Mais à la réflexion, ça ne tenait pas. Les poulardins vont par deux, comme les escargots.
Alors ?…
J’avais beau me creuser la calbombe, je ne trouvais aucune solution plausible. A moins que… Oui, ce devait être un type de ma banque… Ou bien… Ou bien tout culment un représentant qui avait appris mon nom chez un voisin. Herminia me l’avait dit le jour de son arrivée ici : les voisins savent tout.
Non, fallait pas se casser le bol. L’essentiel était que le bonhomme en question n’appartienne pas à la grande taule. A part ça, je me foutais de son identité.
Malgré tout, en becquetant j’étais rêveur.
Herminia l’a remarqué.
— On dirait que tu redoutes la visite de cet homme.
— Quelle idée !
— Enfin tu es préoccupé, ça se voit.
— Je suis préoccupé, pas soucieux… Je me demande…
— Quoi ?…
— Ce qu’il me veut. Je tiens à notre tranquillité… J’ai horreur des importuns.
— Qui te dit que c’est un importun ?
Après tout, elle avait raison…
Je l’aidais à débarrasser la table lorsqu’IL a frappé à la vitre de la porte-fenêtre. Je n’avais pas entendu le crissement du gravier. Ce type se déplaçait comme un chat.
A première vue, il avait quelque chose de rigolo en effet ; mais à seconde vue, il était plutôt inquiétant.

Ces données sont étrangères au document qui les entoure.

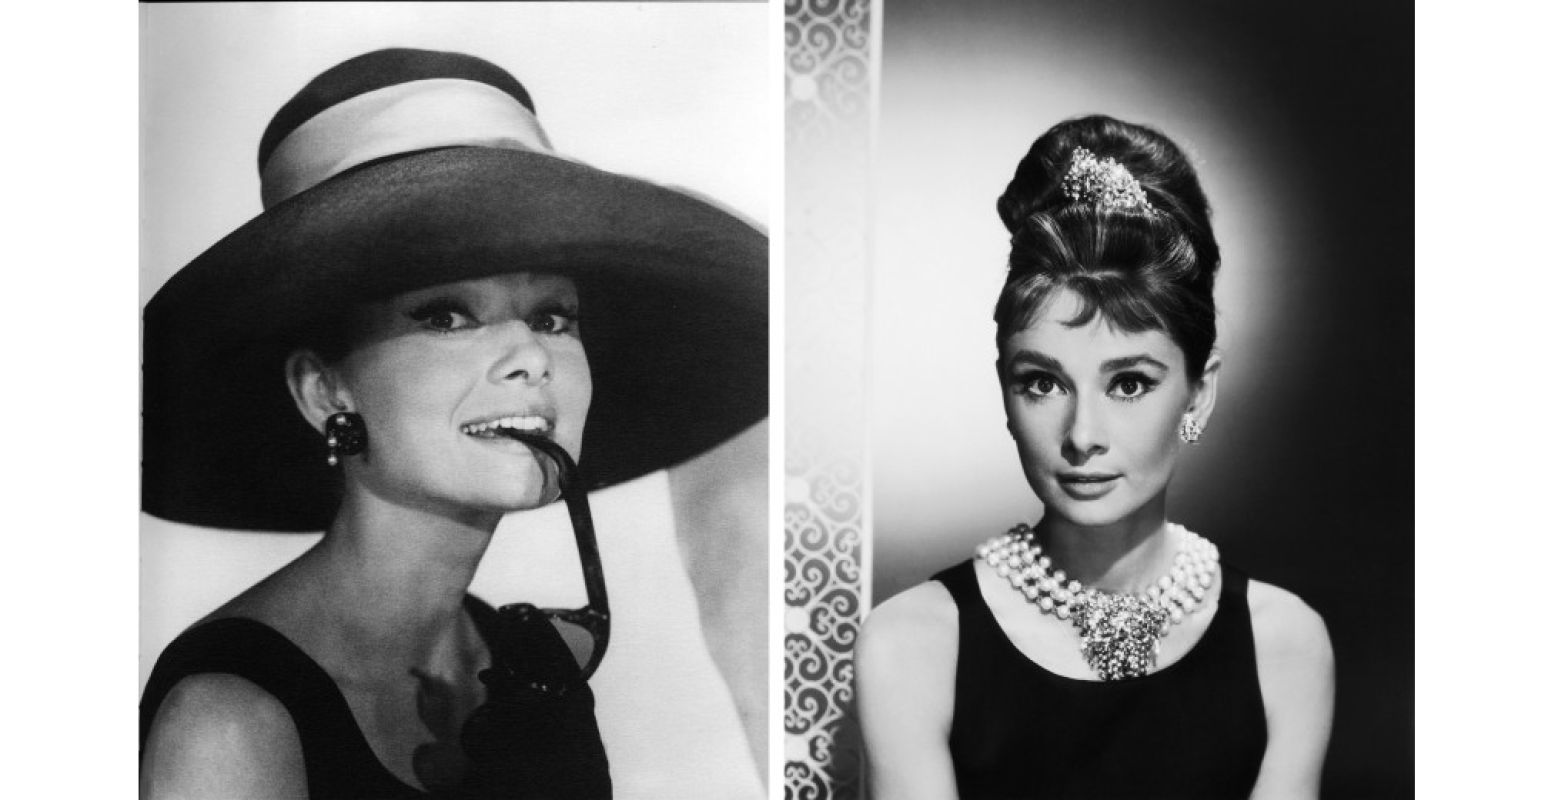 Audrey Hepburn in Breakfast at Tiffany's. Foto links: Donaldson Collection/Getty Images. Foto rechts: George Rinhart/Getty Images.

Il portait un complet gris, fatigué, une chemise sale, une cravate tirebouchonnée. C’était un blond chauve au crâne blanc et farineux. Il possédait une bille toute ronde, c’est vrai, arrondie encore par la calvitie, mais cette bouille n’était pas si débonnaire que cela et le côté troublant venait justement de son regard. Plus exactement ça venait du fait qu’il n’avait pas de regard. Ses paupières proéminentes étaient presque complètement baissées et le gars était obligé de rejeter un peu la tronche en arrière pour regarder ses interlocuteurs.
— C’est lui, m’a soufflé Herminia.
— O.K., laisse-nous…
Elle est allée dans la petite cuisine, mais elle prêtait l’oreille, de toute évidence.
J’ai délourdé. Le gars a eu simultanément un hochement de tête et un grognement.
Puis il est entré d’une démarche furtive qui contrastait avec le côté rondouillard de sa personne.
— Vous désirez ? ai-je demandé le plus calmement possible.
— Je voudrais parler à Robert Rapin.
Il n’a pas dit « à monsieur » et c’était inquiétant.
— C’est moi…
Alors une expression d’intense surprise s’est répandue sur sa frime. Il a levé le menton et m’a considéré avec attention par-dessous ses paupières de crapaud.
Enfin il a secoué la tête et a dit d’un ton morne :
— Vous n’êtes pas Robert Rapin.
Comme coup de cymbale on ne pouvait imaginer mieux.
J’ai compris que cet homme était dangereux. Et d’autant plus dangereux que je ne savais rien de lui.
J’ai réagi.
— Qu’est-ce que vous me racontez ! Je sais bien qui je suis, tout de même…
Un fugace sourire a retroussé sa lèvre supérieure.